People often say to survivors "Why didn't you tell?" Or better "Why didn't you tell me?"

A close friend, in telling me once of her trauma, took several deep breaths before stating "I was raped" and her tone was almost apologetic. I felt so much for her at that point. I can't remember if she knew at that time of my history, but I remember thinking, I know that tone. The need to apologize for the trauma I experienced. The desire to hide, to keep the dark, jagged edge of your pain away from the people it might hurt. And it does hurt. The knowledge that every time you tell someone, if they have a soul, they will feel for you. And the desire to not cause pain, because of your intimate aquaintance with the feeling.

I remember later, the same friend being chastised by another friend, when he said those words "You need to tell me."

And I understand the inclination, as I have even said the words myself sometimes. And my righteous indignation, of the emphasized "me," as in "Why didn't you tell ME? Of all people, you know I would understand." But then I remember my own hesitation in telling others, the questions (will they believe me, what if they don't, who cares, will they look at me differently, what will they think, will they make me uncomfortable, will I make them uncomfortable, will they be angry, and my favorite, "I don't want to be a downer") when I say "I was sexually abused."

And I want to remind the world that the very words are so difficult to push out of your vocal chords, to remind them of a nightmare they had when they tried to scream and couldn't, and the only sound they could produce was a gurgle, or a low moan. To tell them "That's what it feels like, to tell."

And to remind them that when someone tells you that information, when someone says the words, it may seem like it came out in a short burst, almost effortless. But it is the kind of effortless that happens when the dam breaks, when the edifice can hold no longer and the tortured trickle becomes a gush of force. It is the pushpushpush, explosion, that is anything but easy does it.


And also know that when someone tells you, it means they want you to know. Because they would not put themselves through that fear (what happens now? will they still like me? am I the wierd, fucked-up girl now?) if they didn't feel you (and they) would benefit from the information, either to increase intimacy with them, or to increase your knowledge of the world.

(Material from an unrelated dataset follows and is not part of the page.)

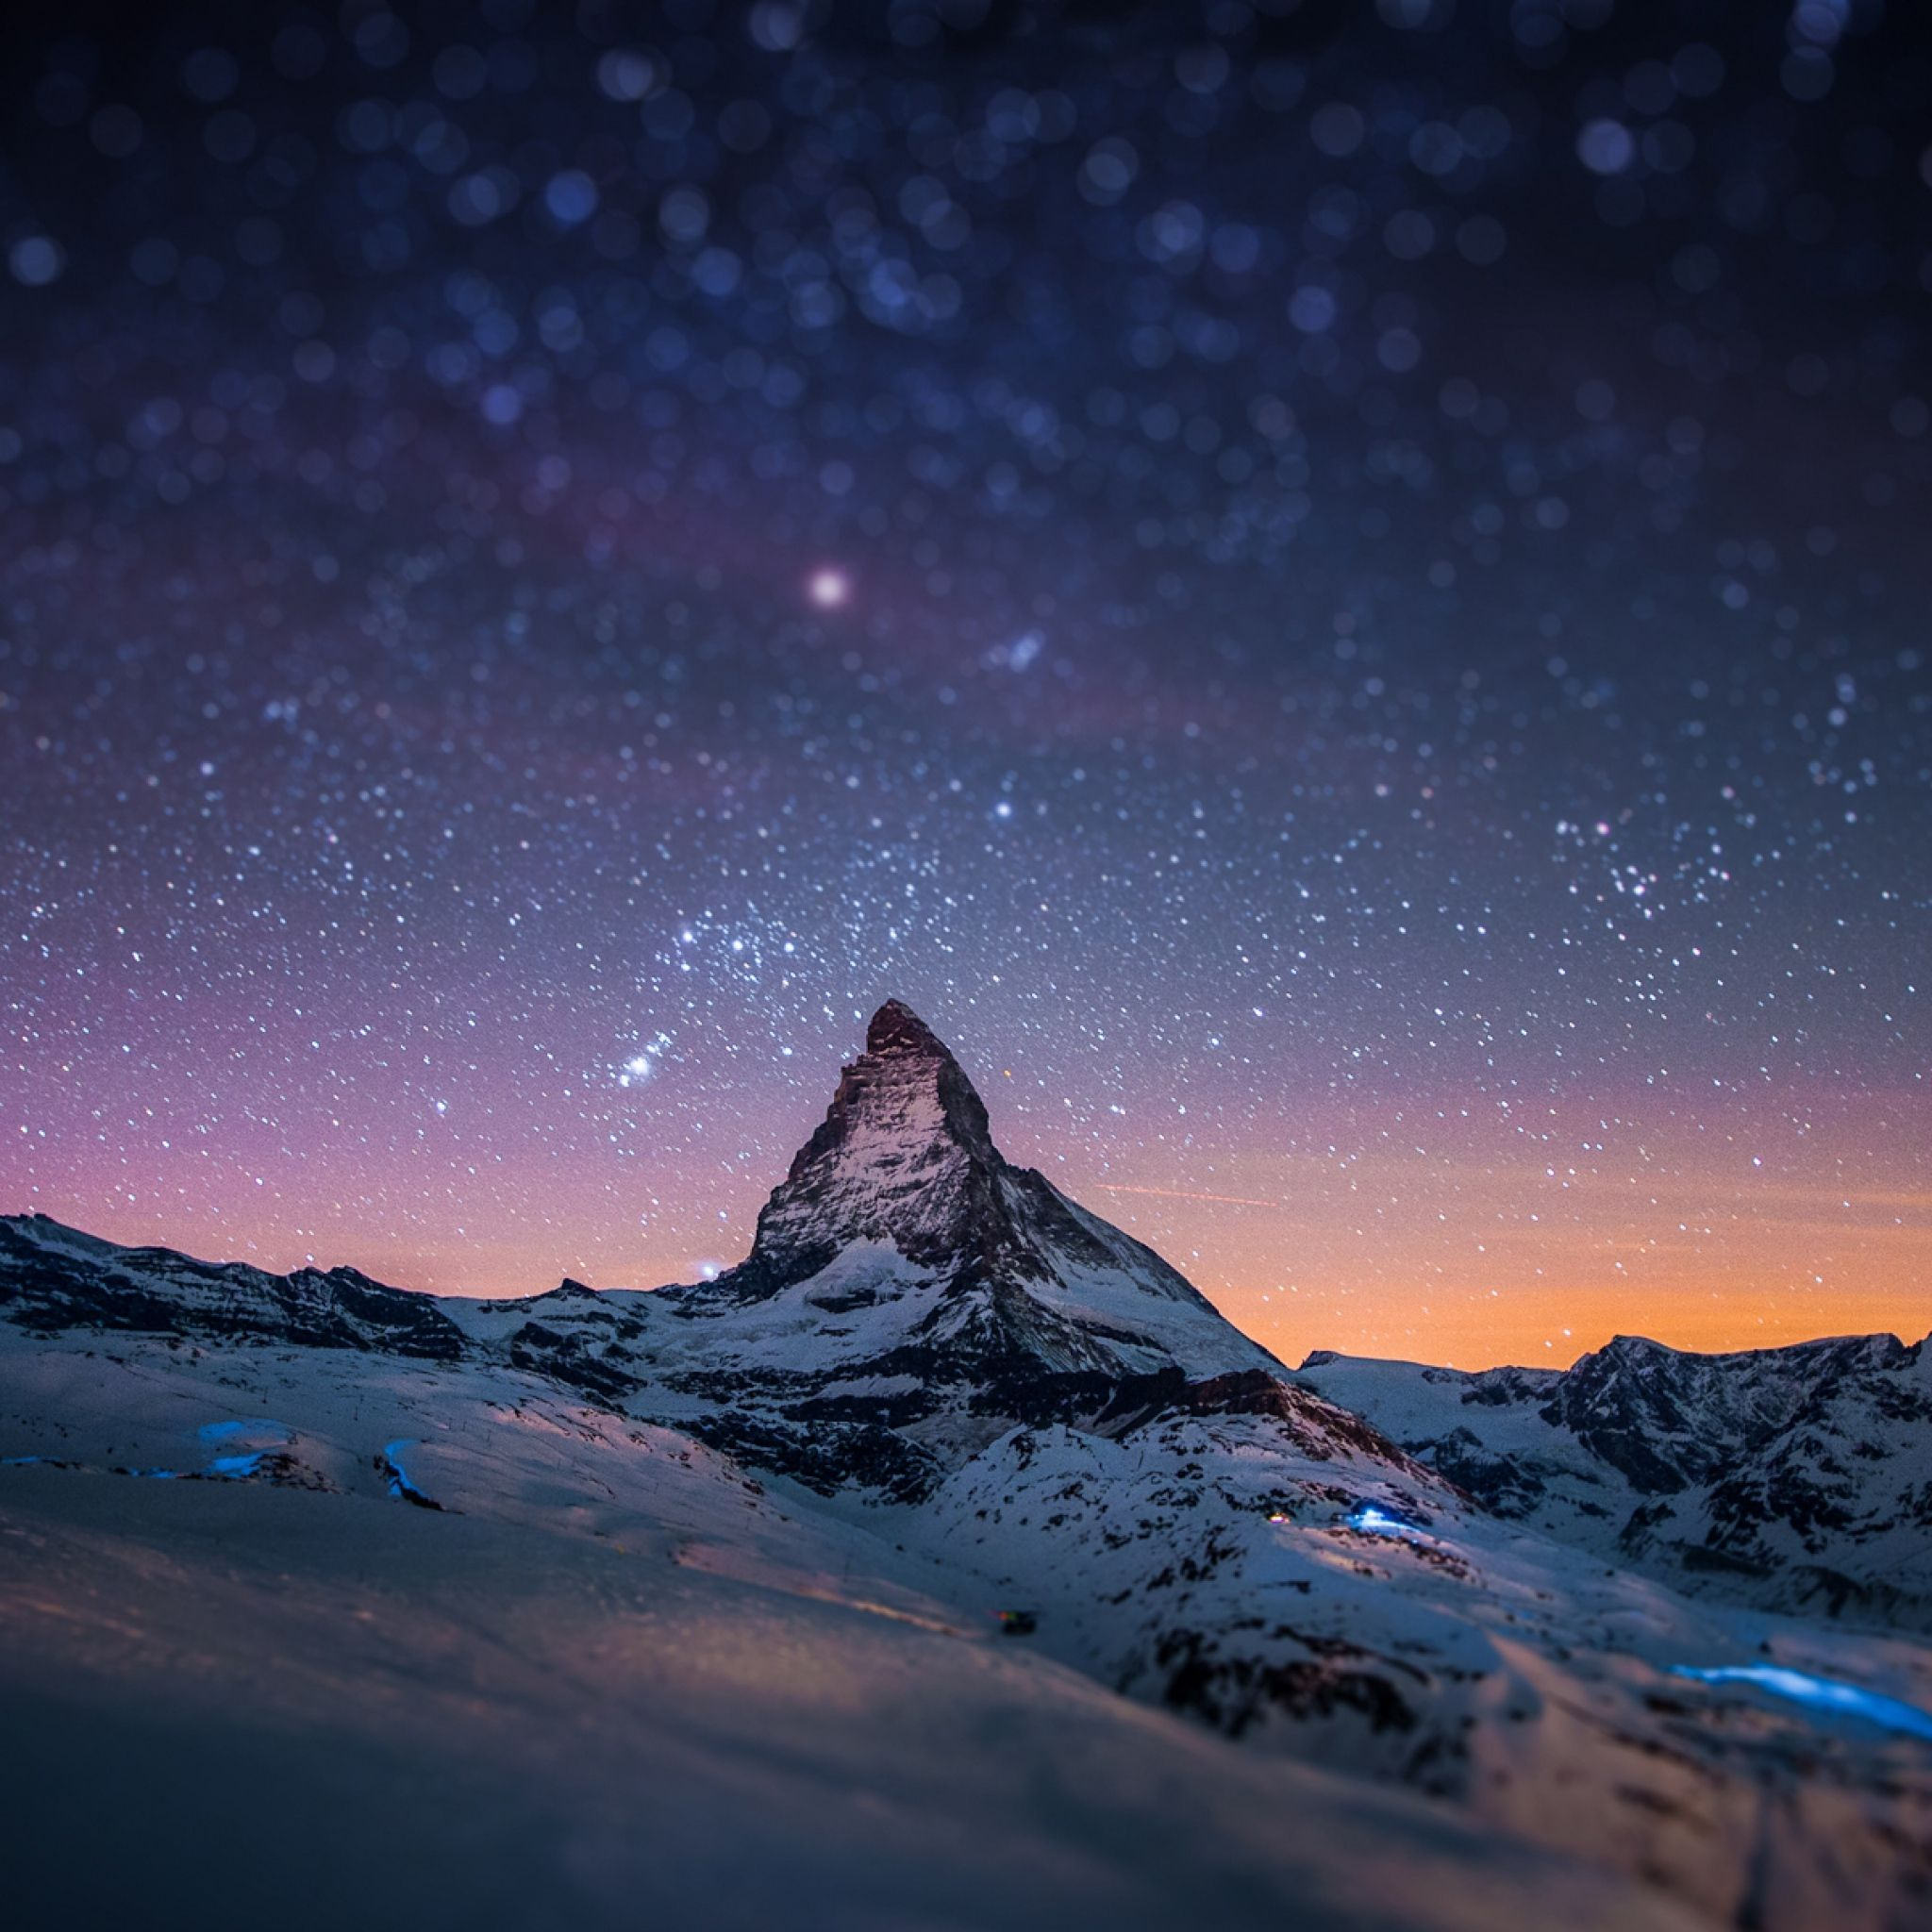 2048x2048 wallpaper mountain, peak, stars, sky, night, light, snow

Of the 4 women who are closest to me in this world, 2 of them are survivors of sexual assault/trauma. That's statistically half. And then you add me to the mix and that's 3 out of 5 women. That's not a number I'm comfortable with. And so I tell, though it hurts. It's possible the information will alert a peer to the concern, it's possible they will put it out of their head because "It can't happen to me, to my child, to my mother, my friend." I don't choose the outcome. But I choose to assist in the reduction of the statistic, and knowledge is power. Awareness is protection, and an ounce of prevention is worth a pound of treatment (because there is no cure).


Break the silence.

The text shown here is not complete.